Conversely, one would expect that when a country imports forest
products, it should not need to deplete its own forests. Yet
Kick et al. (1996) find that these expectations hold up only for core
countries, not for semiperipheral ones. Interestingly, in
semiperipheral countries both the export and import of forest products
leads to deforestation. This is because core countries
are able to export forest products without high rates of deforestation
because they often utilize reforestation practices. (While
reforestation results in old-growth forests being replaced by young
trees, these are nonetheless counted as forests). When
core countries import timber, they need to exploit fewer of their own
forest resources, but when semiperipheral countries
import timber it often indicates building infrastructure, which damages
forested lands regardless of the source of the forest
products used. In sum, whether core countries import or export forest
products, they experience less deforestation.

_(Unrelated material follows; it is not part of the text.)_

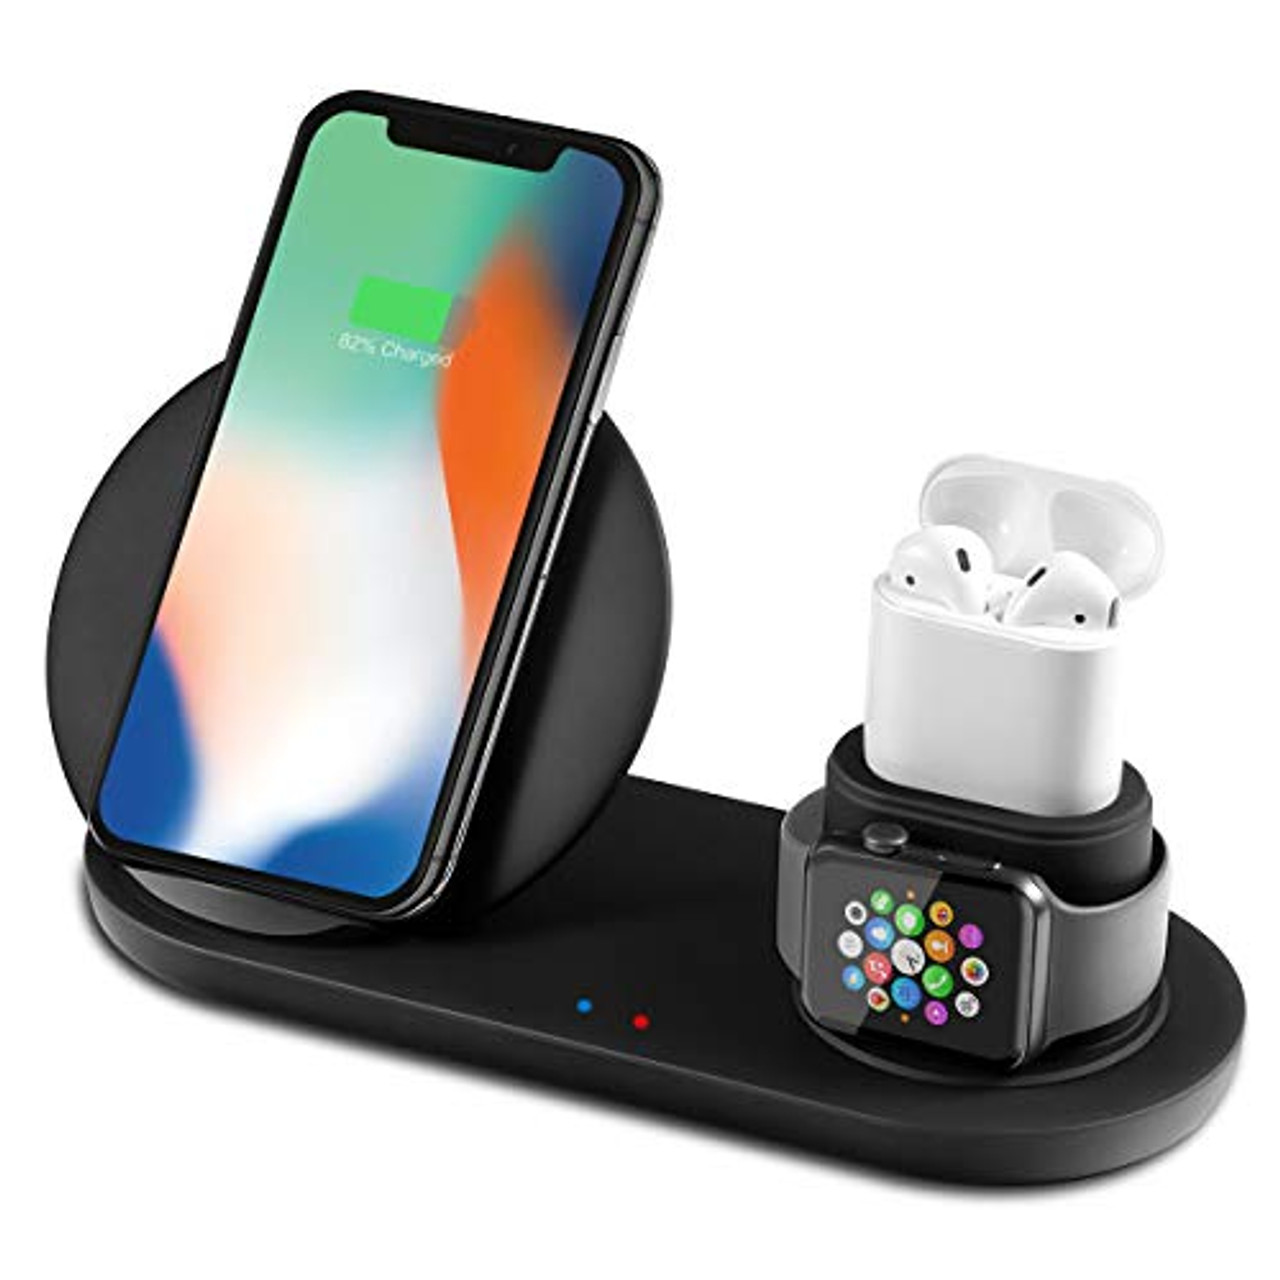 Airpods 2 Samsung S8 on Sale, UP TO 65% OFF | agrichembio.com

Semiperipheral countries, on the other hand, are in a lose-lose
situation; whether they export or import forest products, the
result is deforestation2.

1.2 Global Warming and the Curvilinear Hypothesis

A second environmental problem that has been studied from a world-system
perspective is global warming. The two
Greenhouse gases--carbon dioxide and methane--are emitted through
different processes. Carbon dioxide is produced
directly through fossil-fuel use and indirectly through deforestation.

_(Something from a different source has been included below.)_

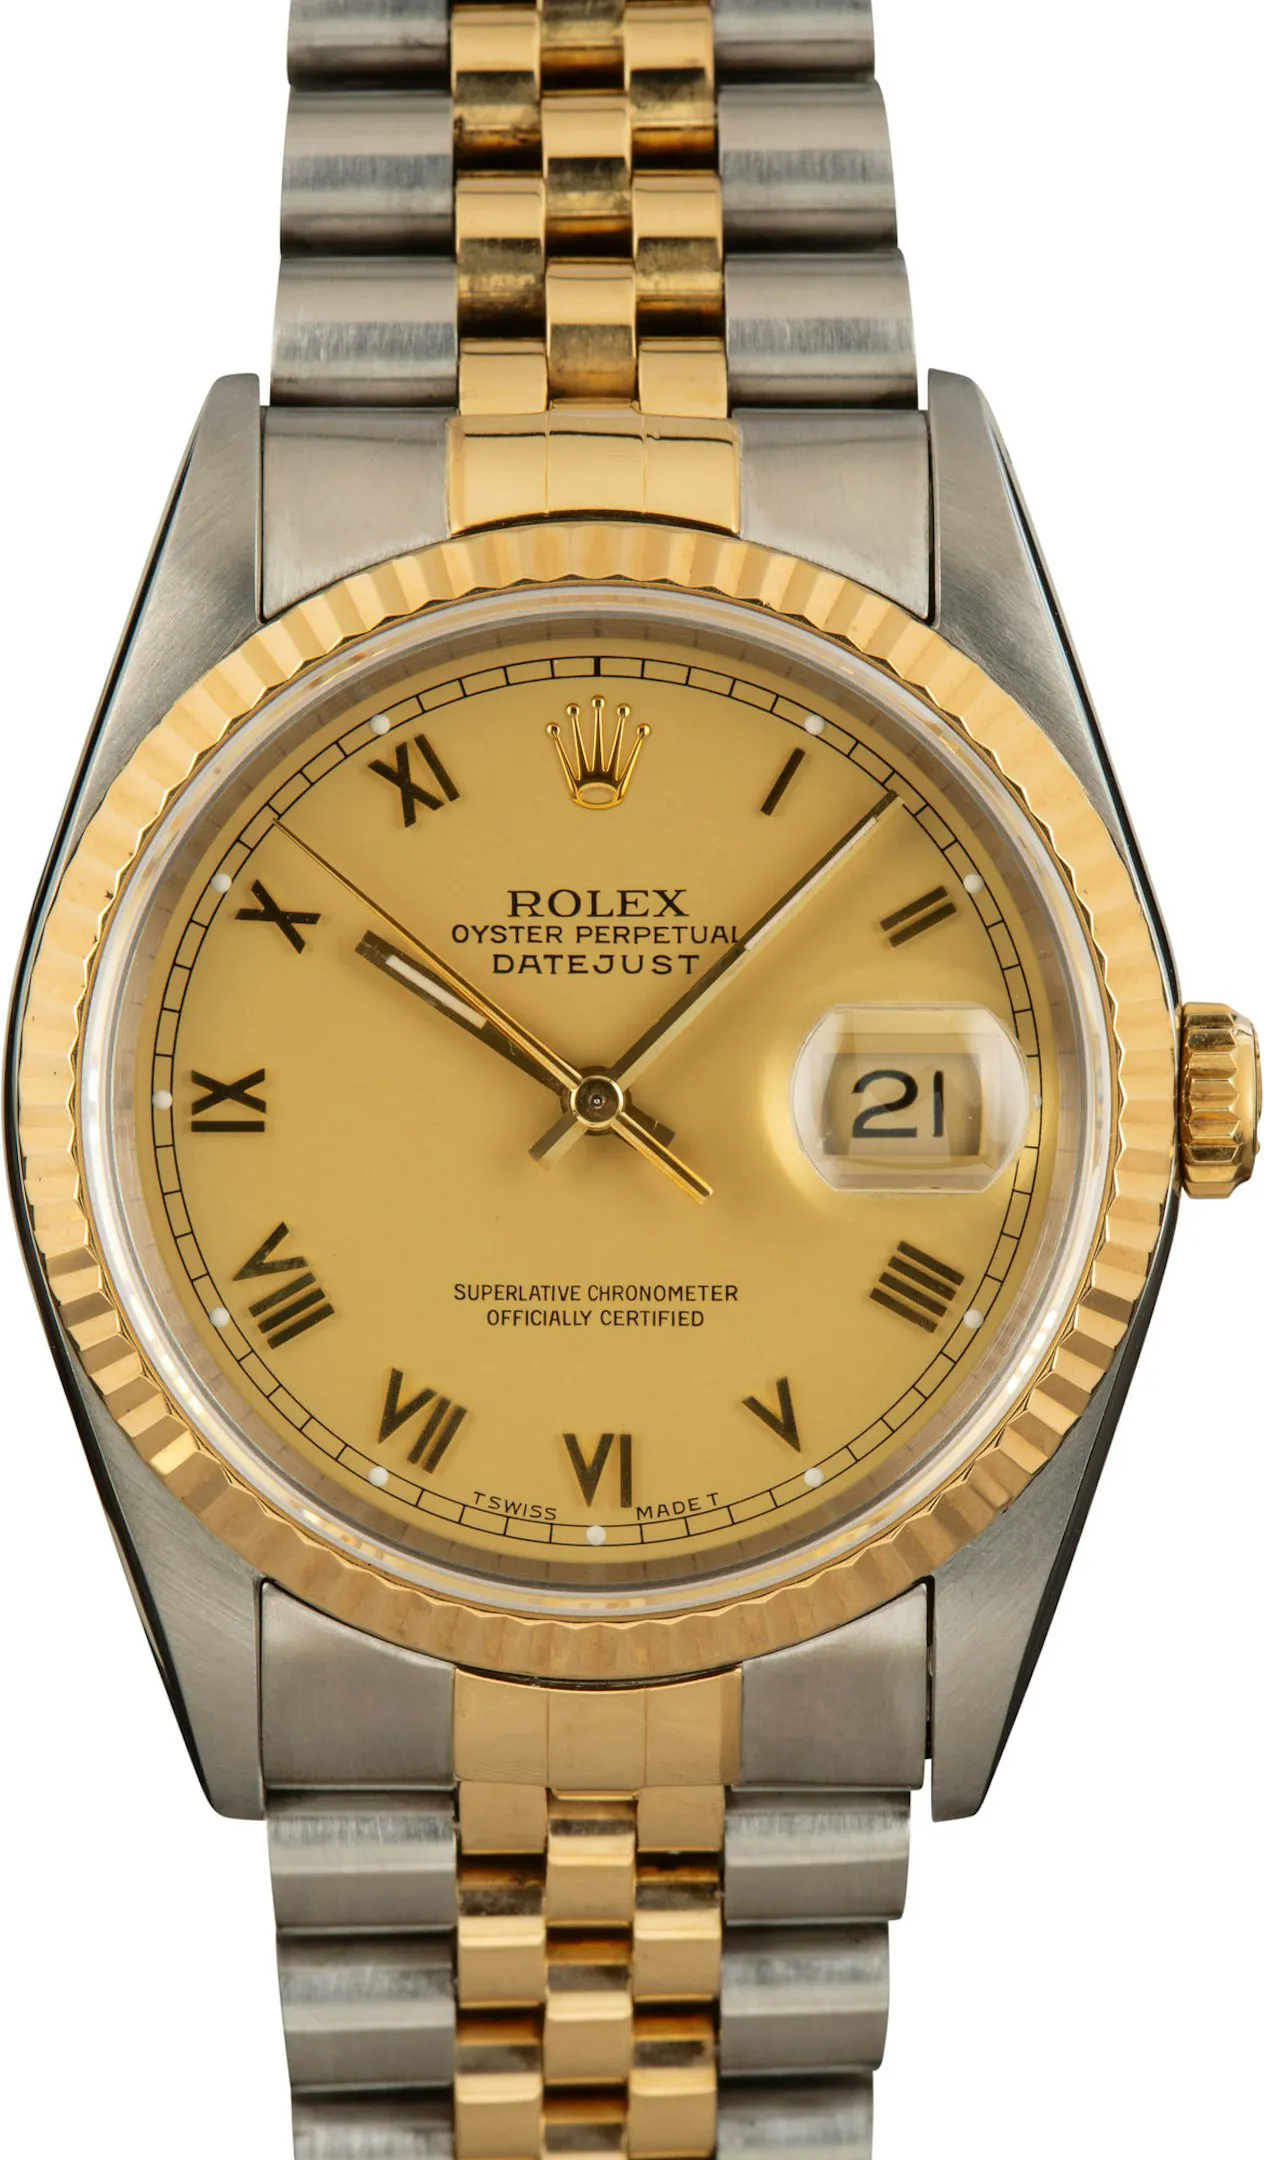 Rolex Datejust 16233 36mm Stainless steel Champagne

Methane production occurs through wet rice agriculture,
livestock, uncontrolled coal mine emissions, and petroleum and natural
gas leakages (Burns, Davis, and Kick 1997).

In their study of emissions of these two gases, Burns et al. (1997) find
that carbon dioxide is produced mostly in highly
developed and methane in less developed countries. They create the
category "semicore" in order to distinguish between
stronger (semicore) and weaker (semiperipheral) states that have
previously been lumped together as semiperipheral. This
strength can be seen primarily in terms of global network ties, but
typically is reflected domestically as well (Burns et al.

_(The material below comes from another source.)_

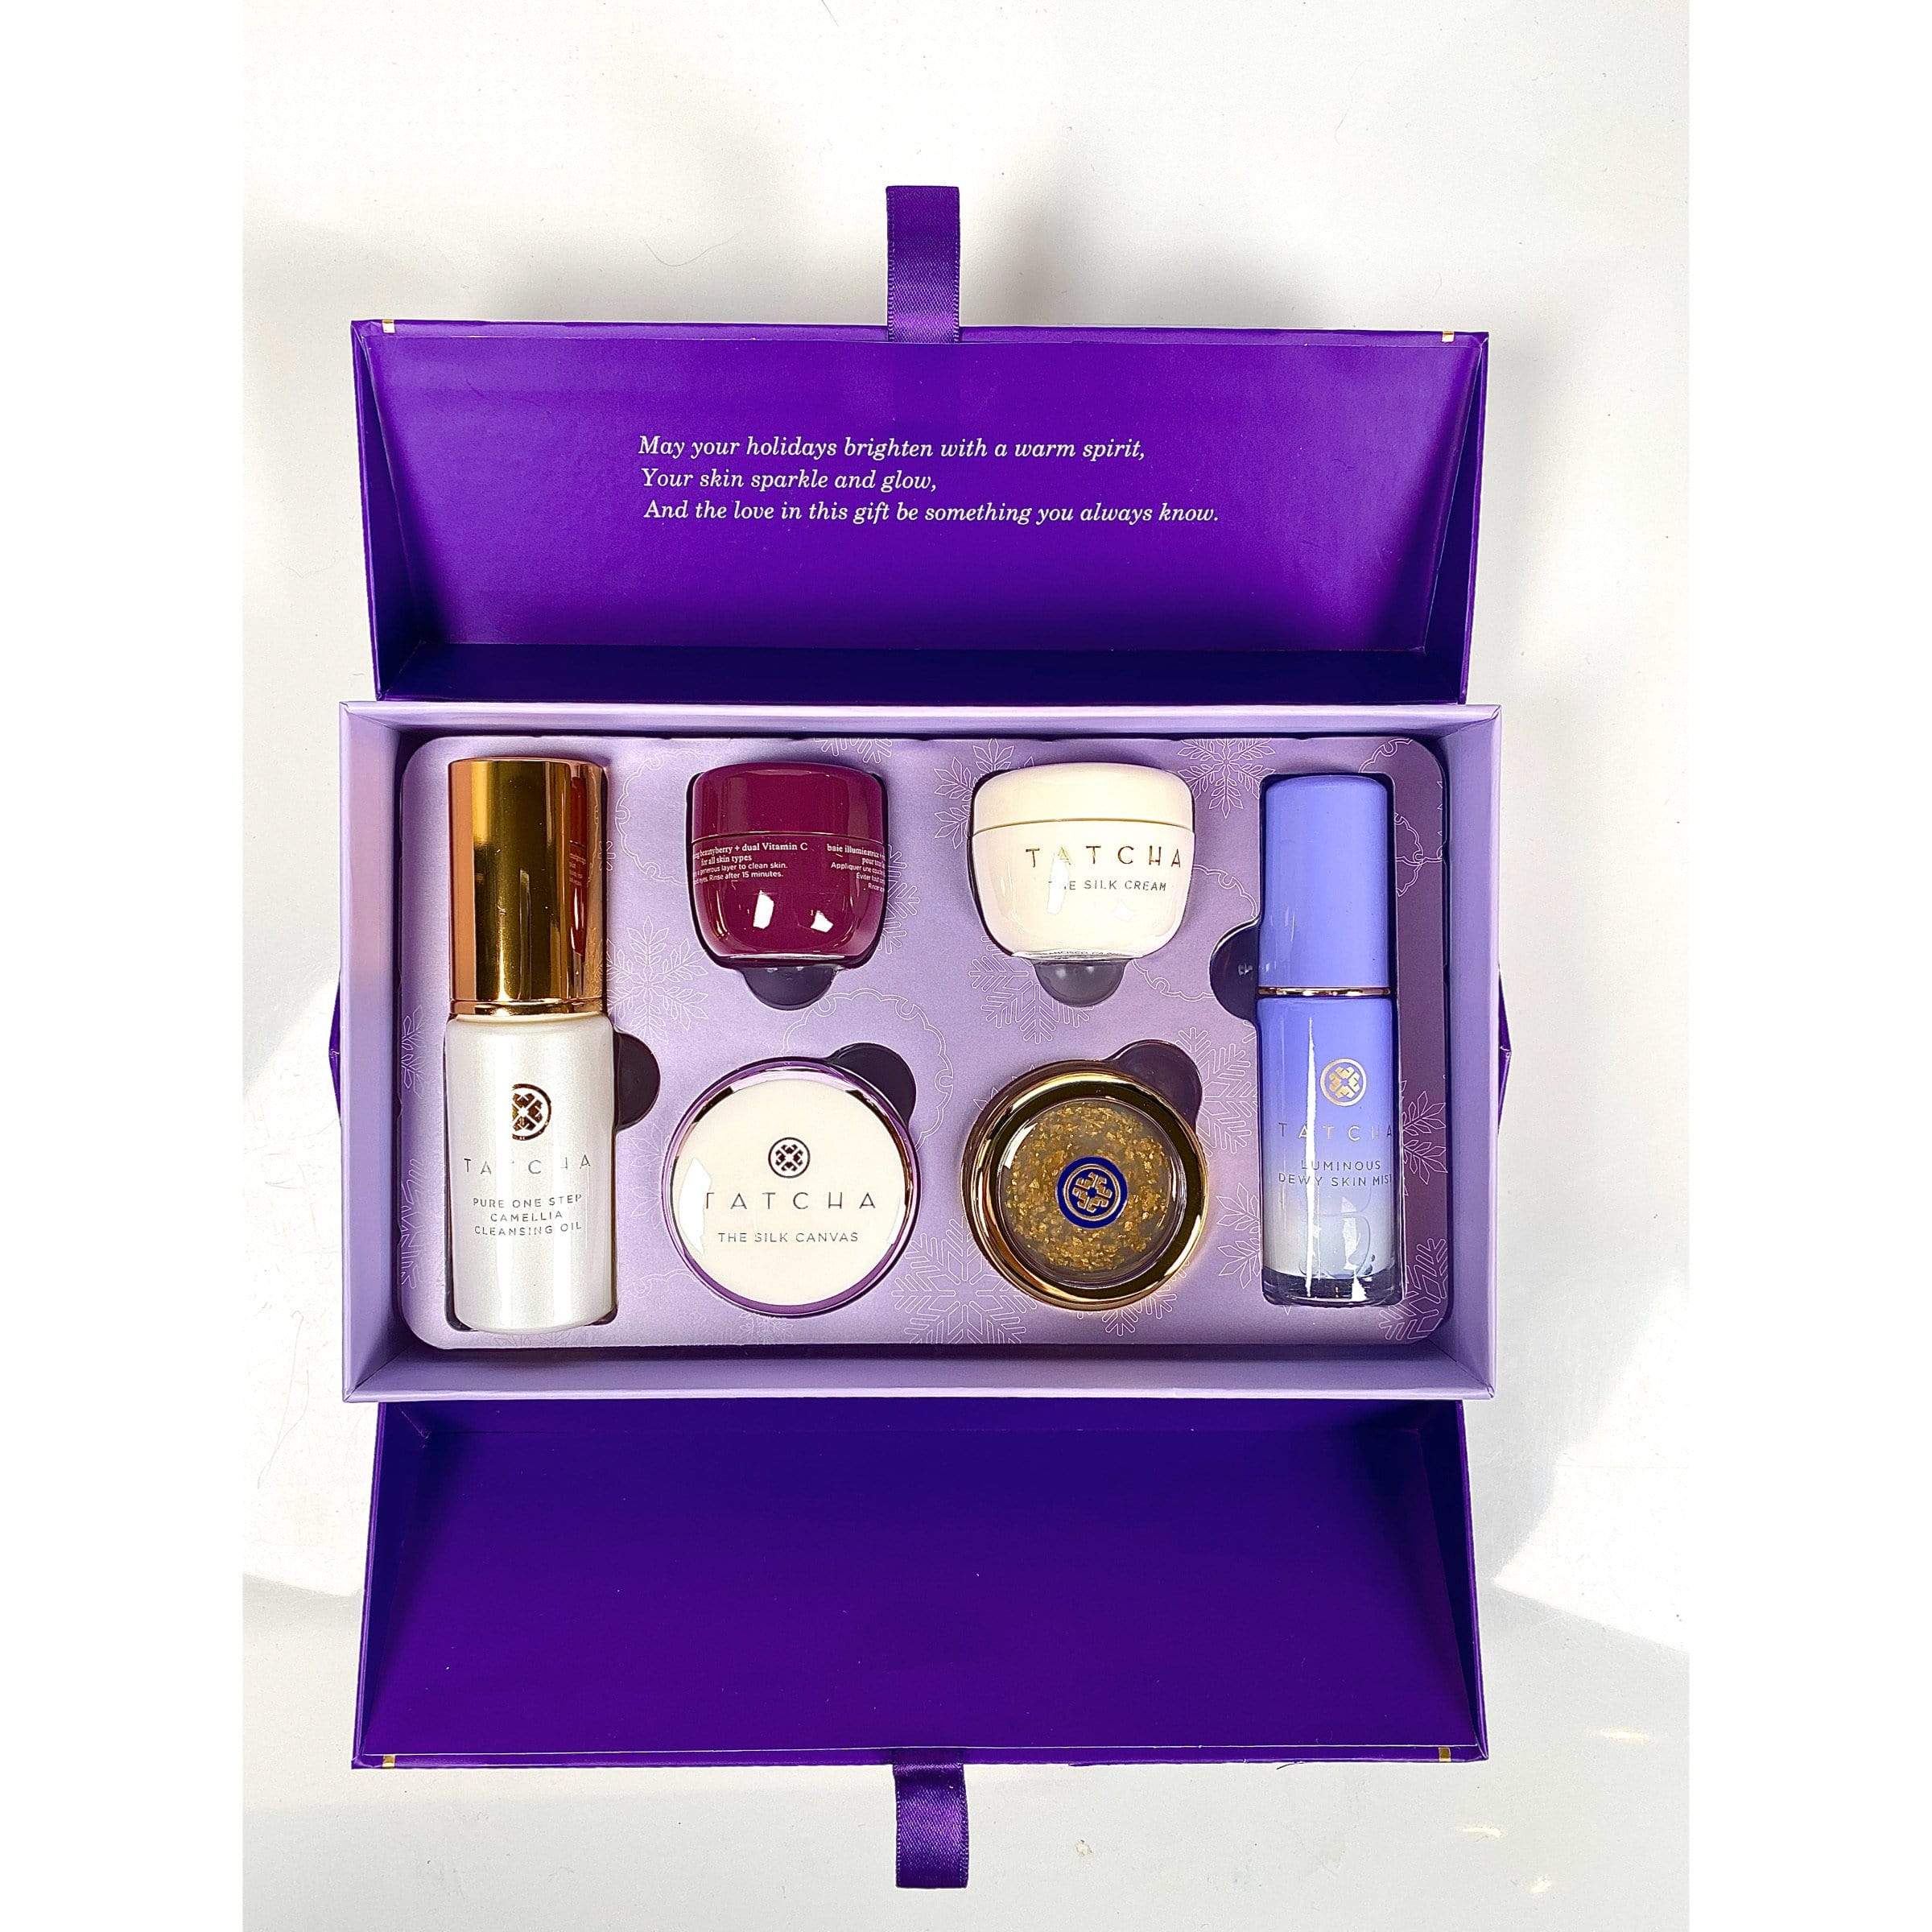 Image result for tatcha hd little luxuries obento box

1997:10). The semicore includes the weak, non-core countries of Eastern
and Western Europe, as well as China, Israel,
Australia, and Brazil. The semiperiphery thus consists of the remaining
countries that have normally been called semiperipheral.

The social dynamics by which Greenhouse gases are differentially emitted
vary with countries' world-system position (Burns et
al. 1997). Core countries produce the most carbon dioxide, followed by
the semicore, semiperiphery, and periphery. The high
level of energy consumption in the core, which results from a high
standard of living, explains the primacy of the core in
producing carbon dioxide and the decreasing levels of such production
for each less affluent sector of the world-system. The
semicore produces the most methane, followed by the core, semiperiphery,
and periphery. Burns et al. (1997) suggest that the
movement of commercial cattle ranching from core to semicore countries
and the association of agriculture with methane
production explain the high levels of this Greenhouse gas produced
there.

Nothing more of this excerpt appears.